◆ **Input data**:
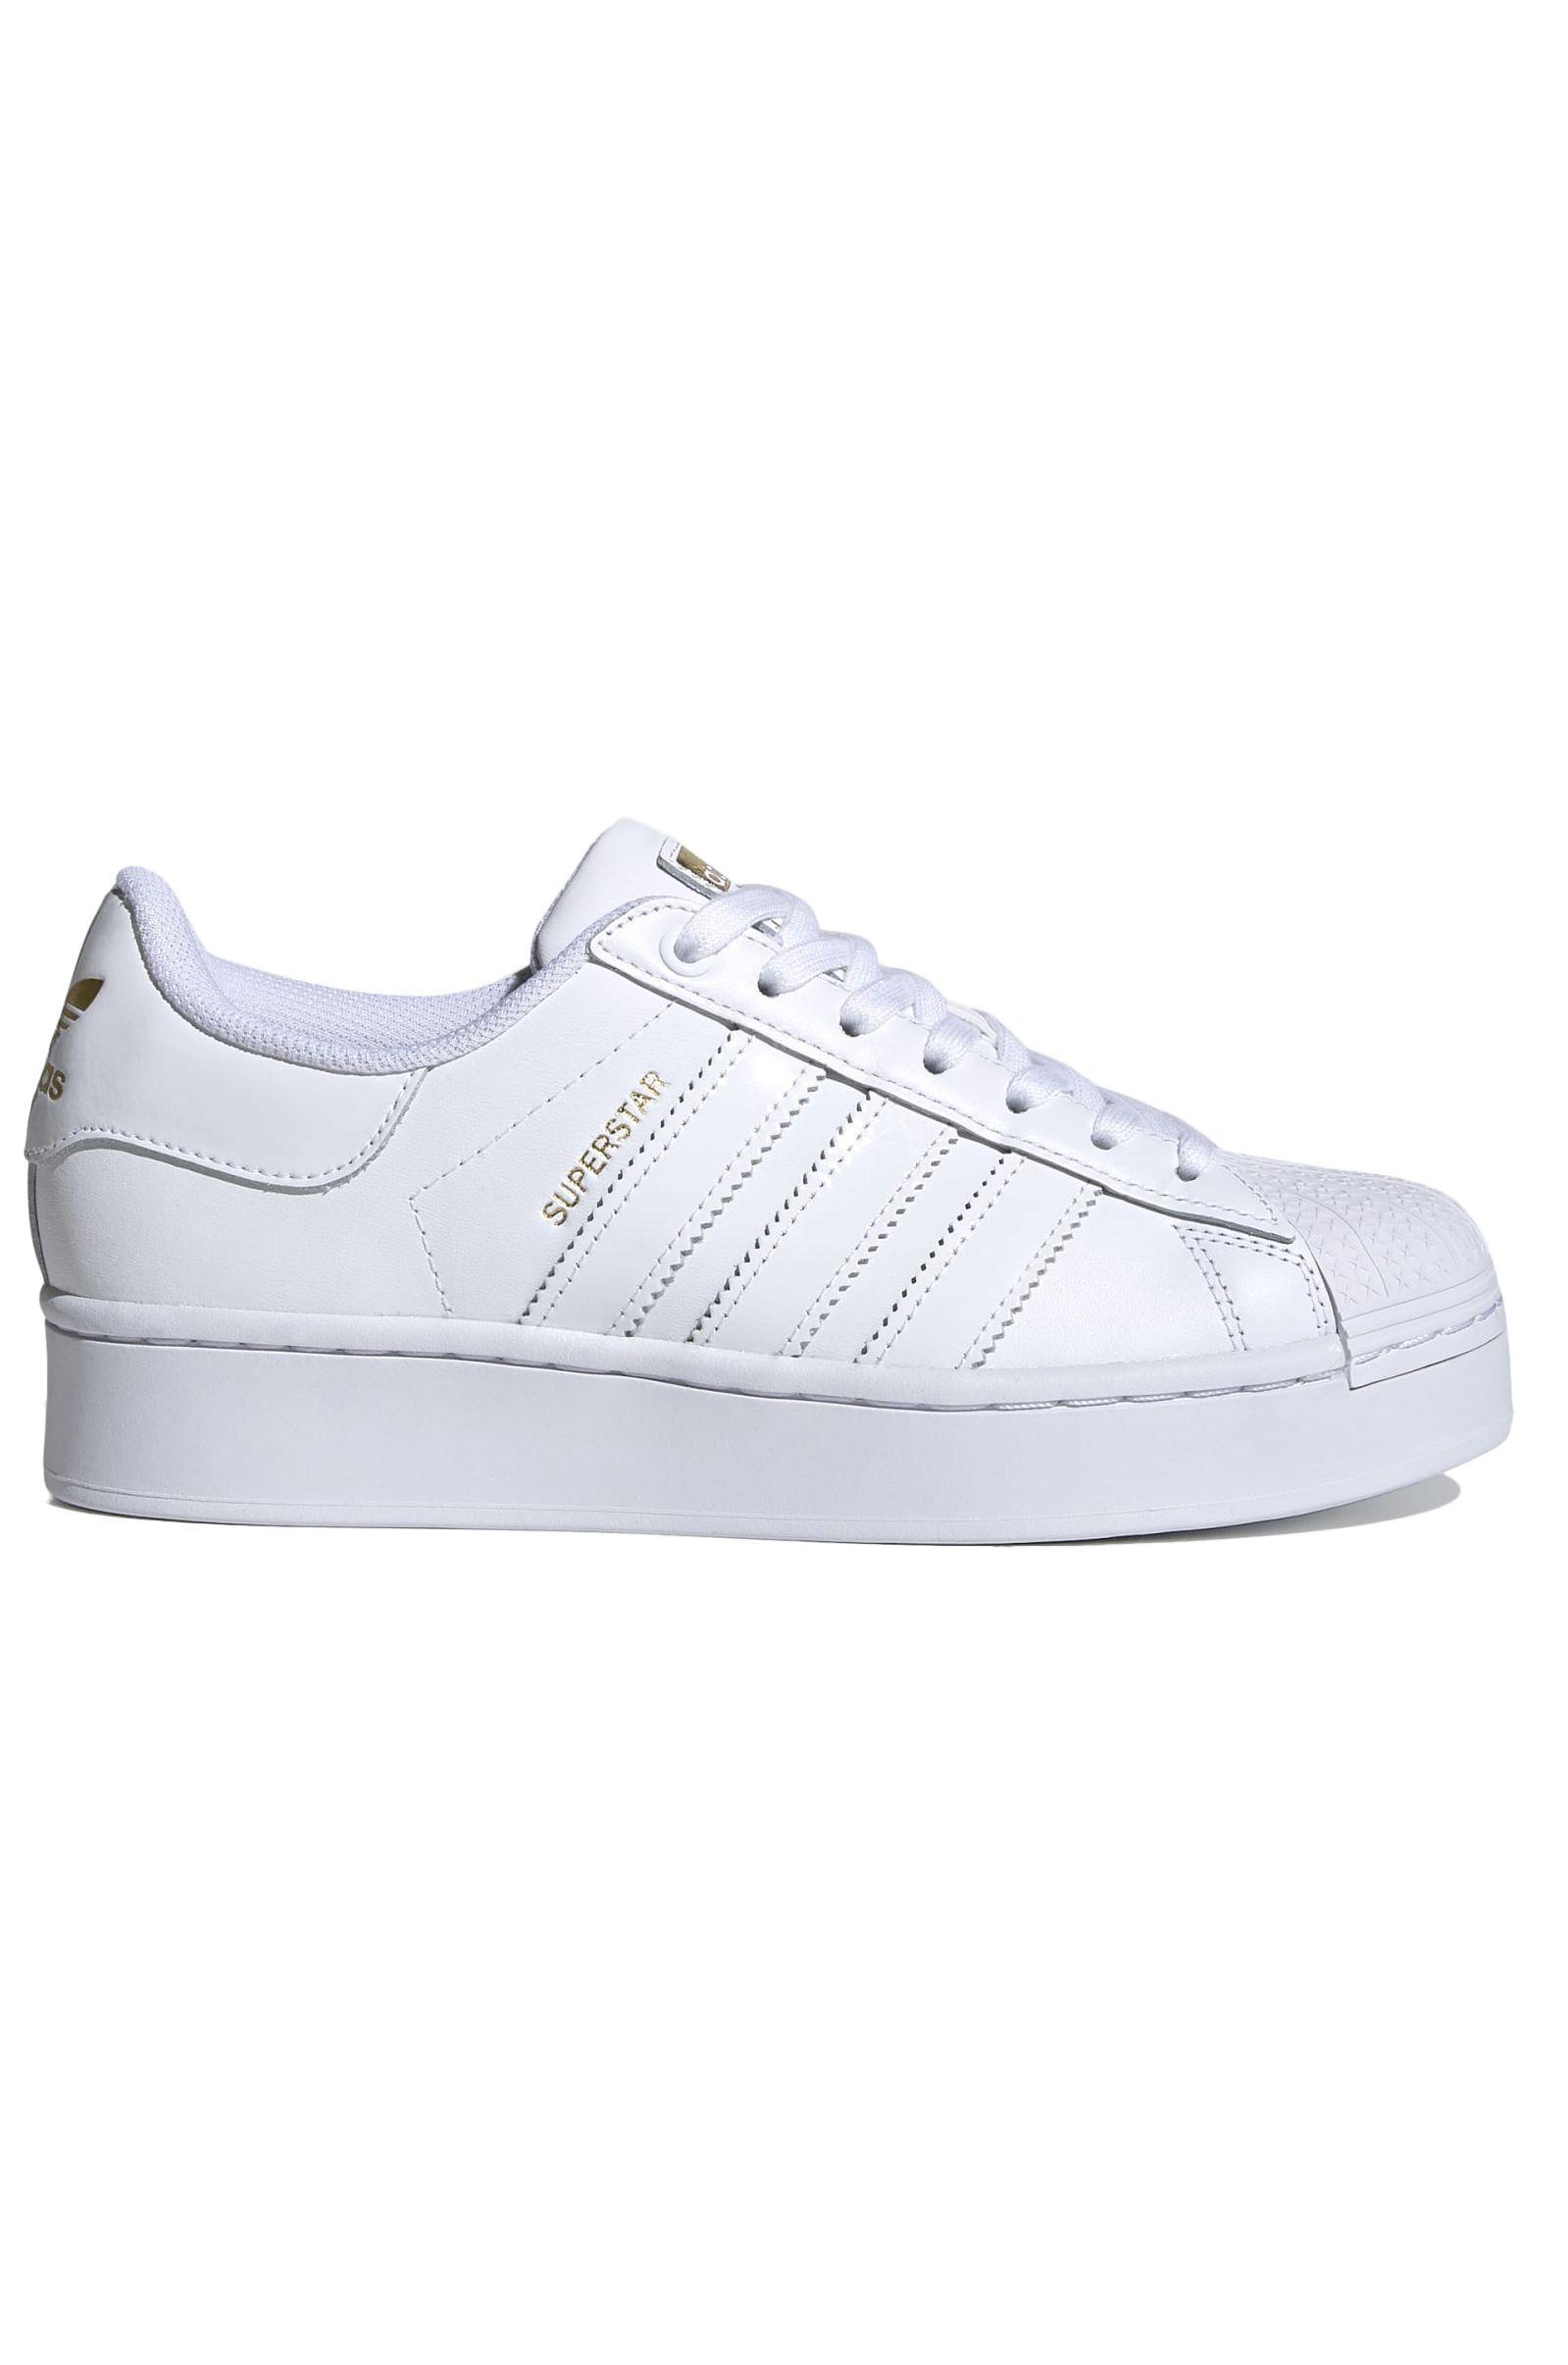 Adidas Shoes SUPERSTAR BOLD W Ftwrwhite
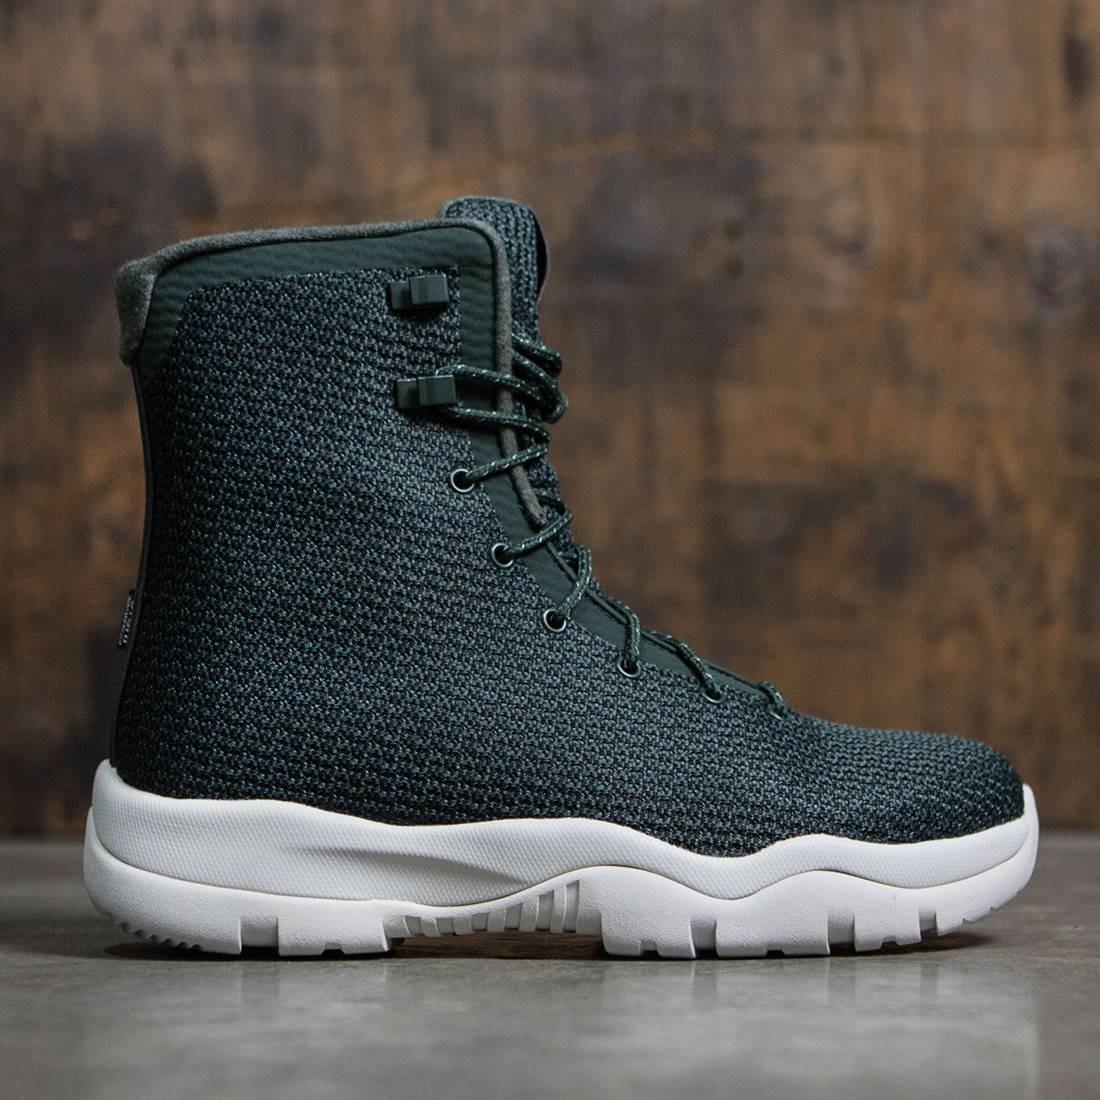 Jordan Future Boots Grove Green/Light Bone/Grove Green
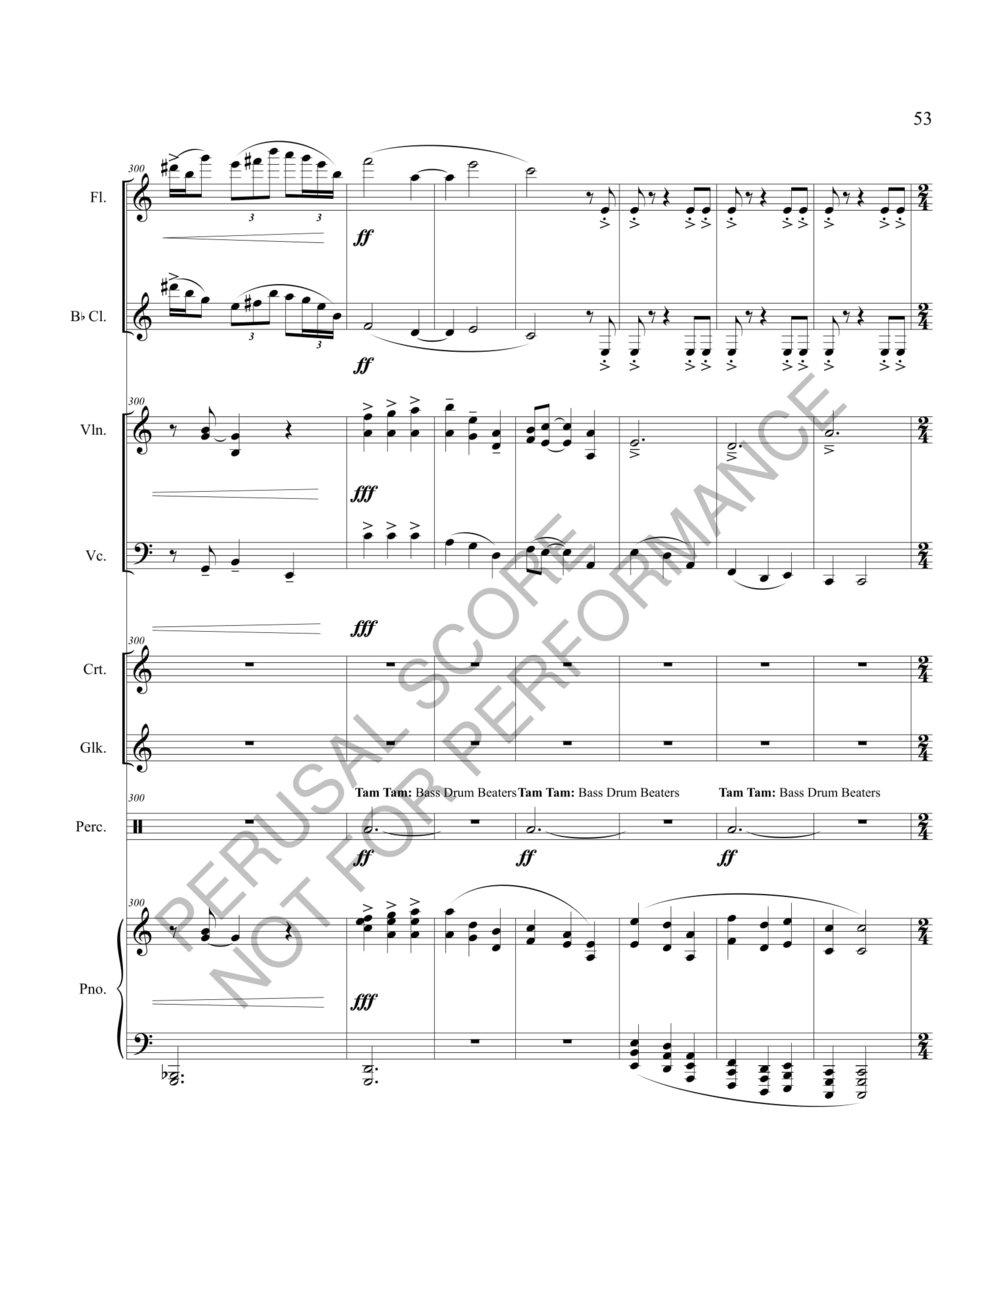 Boyd Terra Liberi Score-watermark-59.jpg

◆ **Work to complete**: Print every line of the listing exactly, please, and leave the images out.

◆ **Result of the exercise**:
 Adidas Shoes SUPERSTAR BOLD W Ftwrwhite
 Jordan Future Boots Grove Green/Light Bone/Grove Green
 Boyd Terra Liberi Score-watermark-59.jpg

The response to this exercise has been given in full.